Brief: From the records that follow, return exactly the lines beginning at the one that contains "Brazil cotton" and ending at the one that contains "Squier Strat Standard", pictures left out.

Study material:
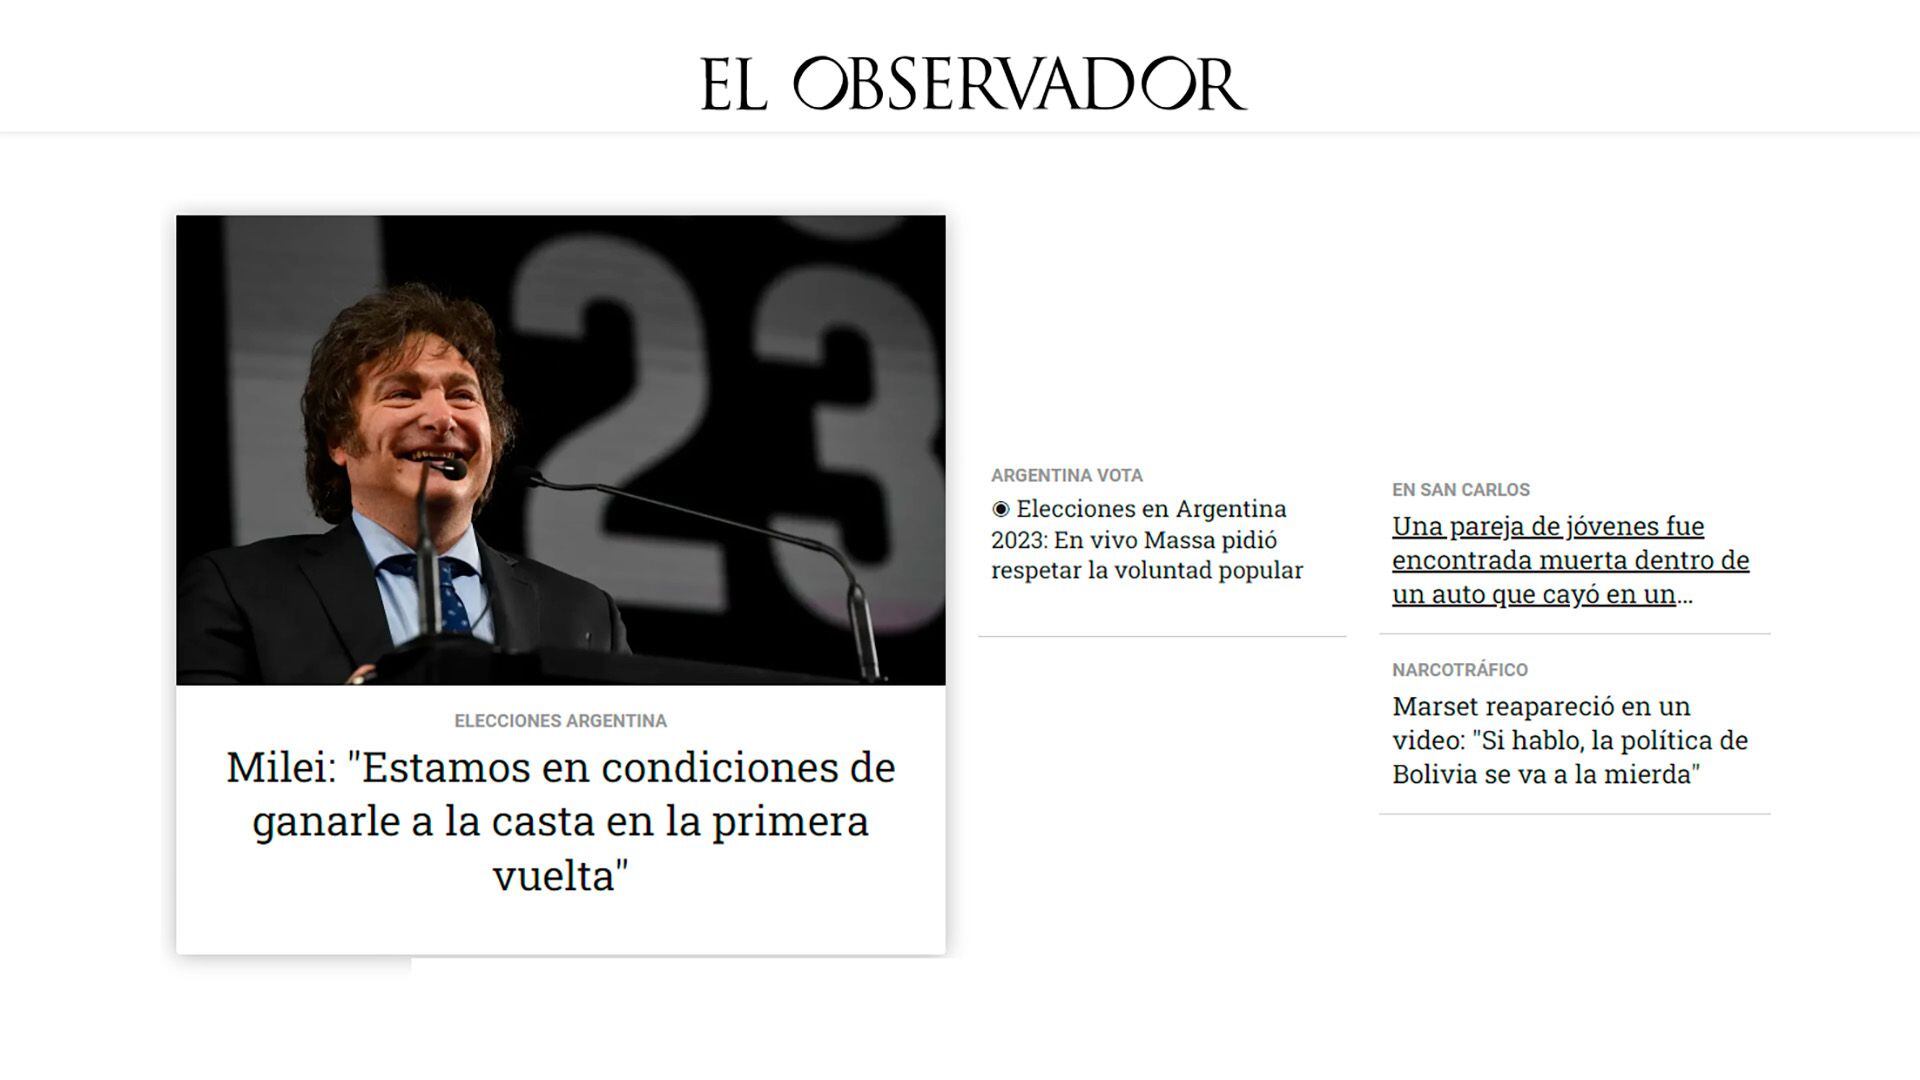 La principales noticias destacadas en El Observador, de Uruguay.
* * *
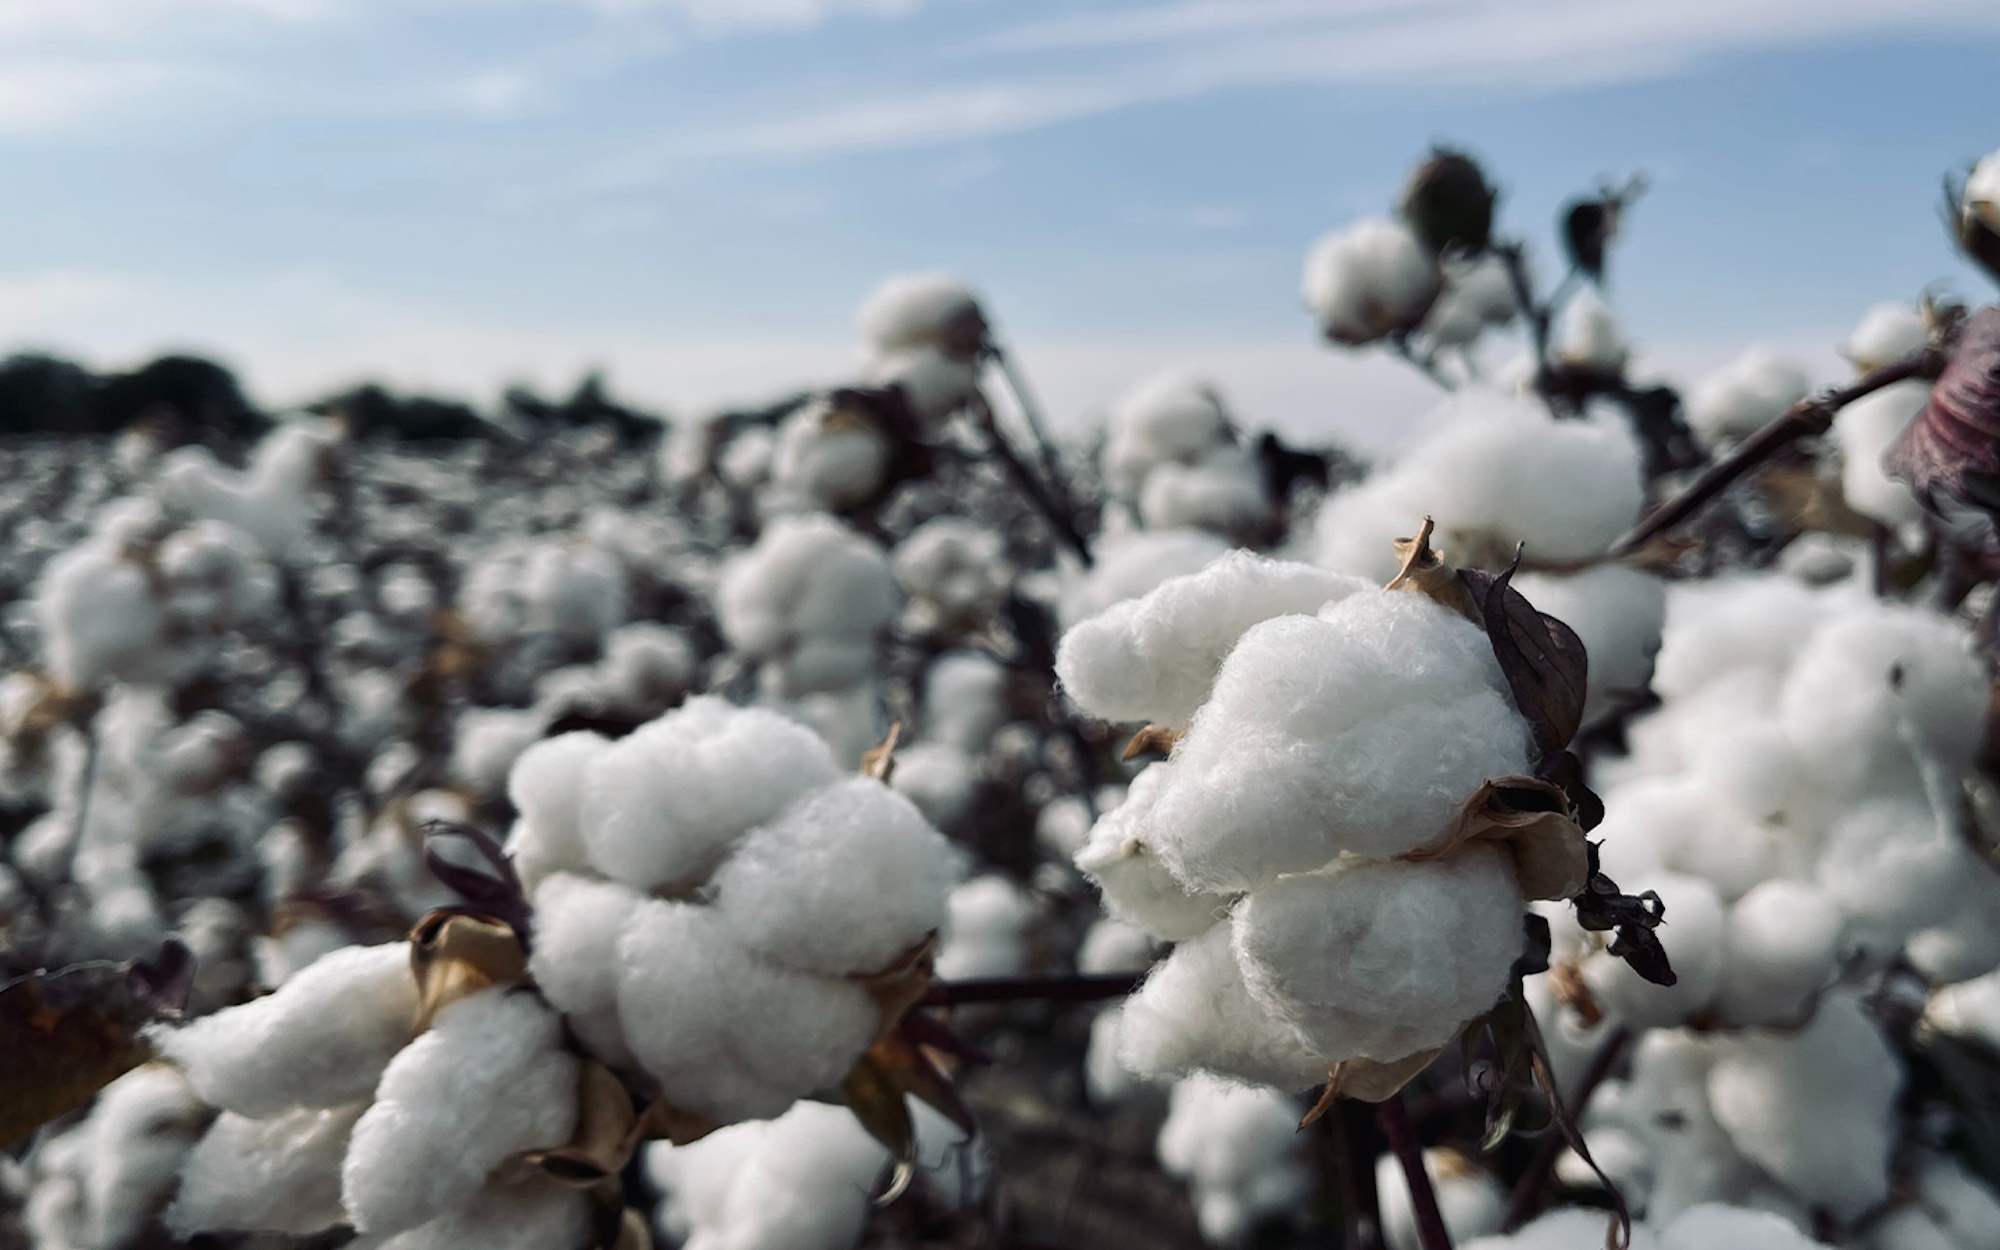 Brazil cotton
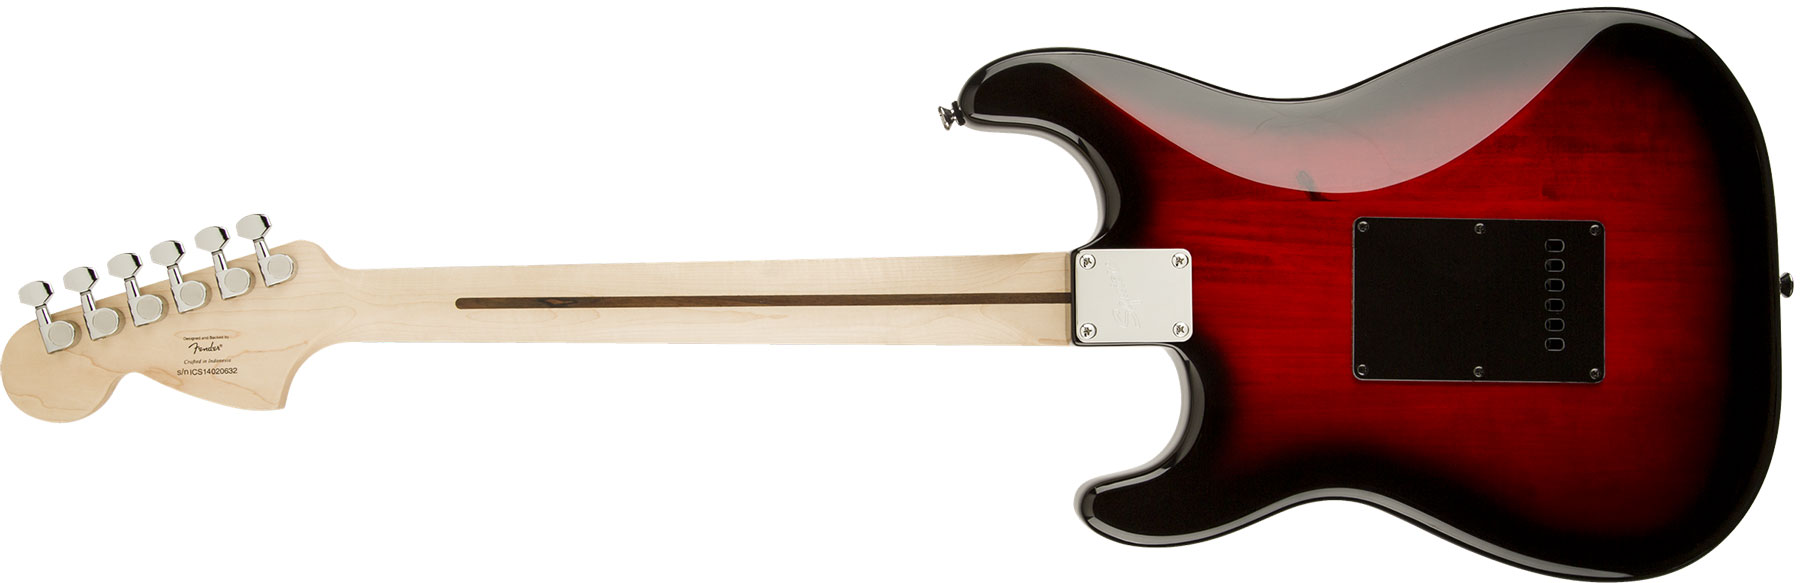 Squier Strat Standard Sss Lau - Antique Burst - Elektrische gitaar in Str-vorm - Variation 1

Written response:
 Brazil cotton
 Squier Strat Standard Sss Lau - Antique Burst - Elektrische gitaar in Str-vorm - Variation 1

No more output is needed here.